AJAX (Asynchronous JavaScript XML) is a way to communicate with the server without leaving the page. XMLHttpRequest objects make it possible. Here it is in action:

var xhttp = new XMLHttpRequest();
xhttp.onreadystatechange = function() {
    if (xhttp.readyState == 4 && xhttp.status == 200) { //4: request finished and response is ready && 	//Returns the status-number (e.g. "404" for "Not Found" or "200" for "OK")
    myFunction(xhttp);
    }
};
xhttp.open("GET", "books.xml", true);
xhttp.send();

function myFunction(xml) {
    var xmlDoc = xml.responseXML;
    document.getElementById("demo").innerHTML =
    xmlDoc.getElementsByTagName("title")[0].childNodes[0].nodeValue;
}

The XML DOM defines the objects, properties and methods of all XML elements.

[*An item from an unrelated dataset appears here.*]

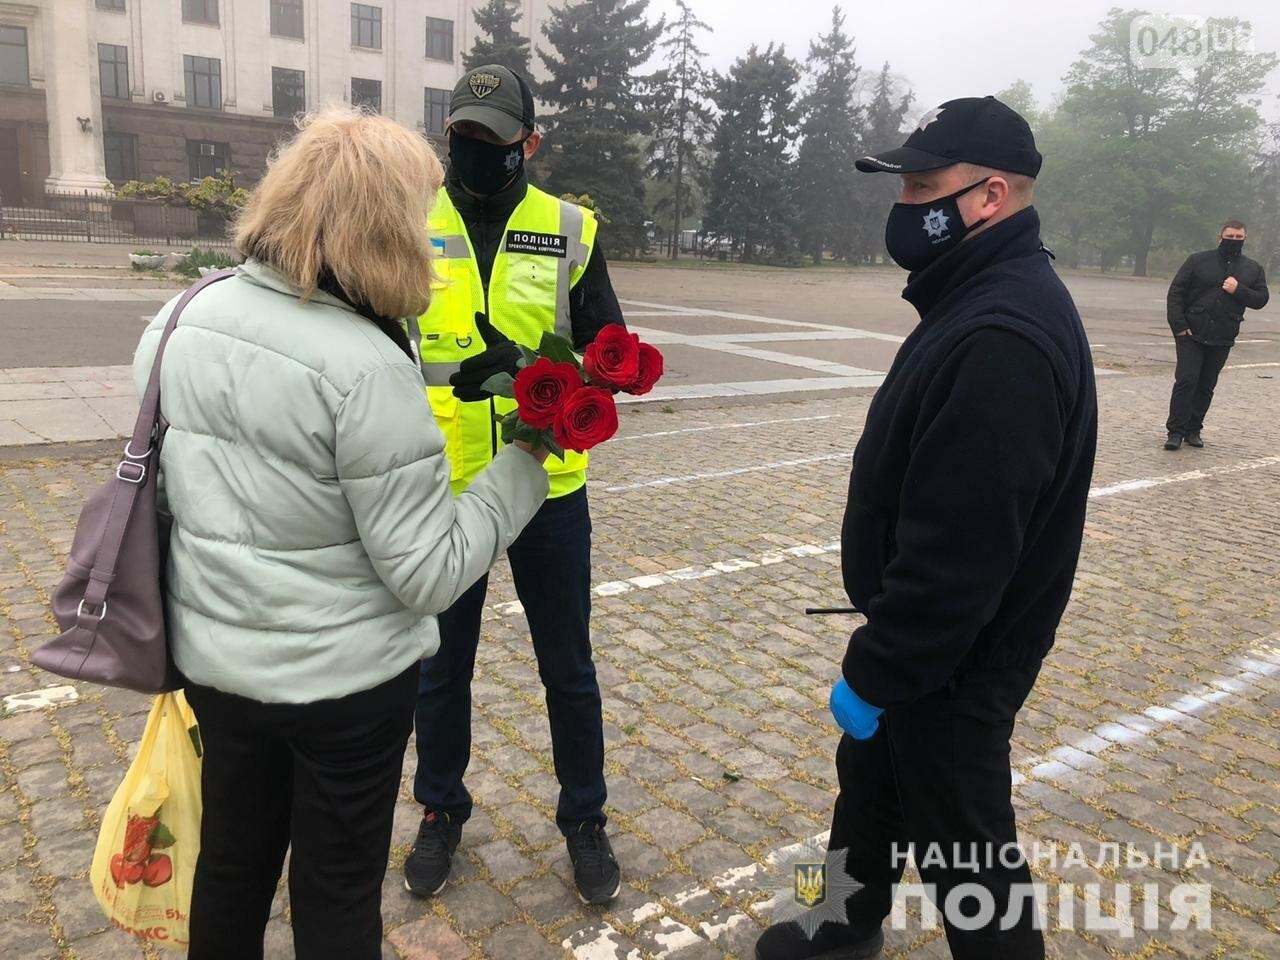 Годовщина событий 2 мая в Одессе: полиция следит за нарушителями карантина, - ФОТО, ВИДЕО, фото-1

These are the main steps of making an AJAX request:

  1. Create an XMLHttpRequest object.
  2. Assign a callback function to handle the HTTP response.
  3. Make (send) the request.

Aaron Schwartz > AJAX was a hack (XMLHTTPRequest developed by Microsoft, Google used it really well, it was pre-dated by a startup that used it too but asked for money, yahoo acquired it. iframe src attribute (tag) something similar (it’s not allowed on Chrome - whatever). LiveScript in NetScape (e.g letting invalid form entry know before sending a request to server. Wow, TimeSvr doesn’t even have that! Marc Andreesen, didn’t like parents, spent 2 months building Mosaic with friend (in Uni Illinois). Probably had a better programmer as a friend, distributed it for free, invited to startup with a person 20 years his senior in Silicon Valley. He jumped at it, as CTO, became a millionaire at 24. Got rich, stayed rich, married rich. Considered part of establishment now.))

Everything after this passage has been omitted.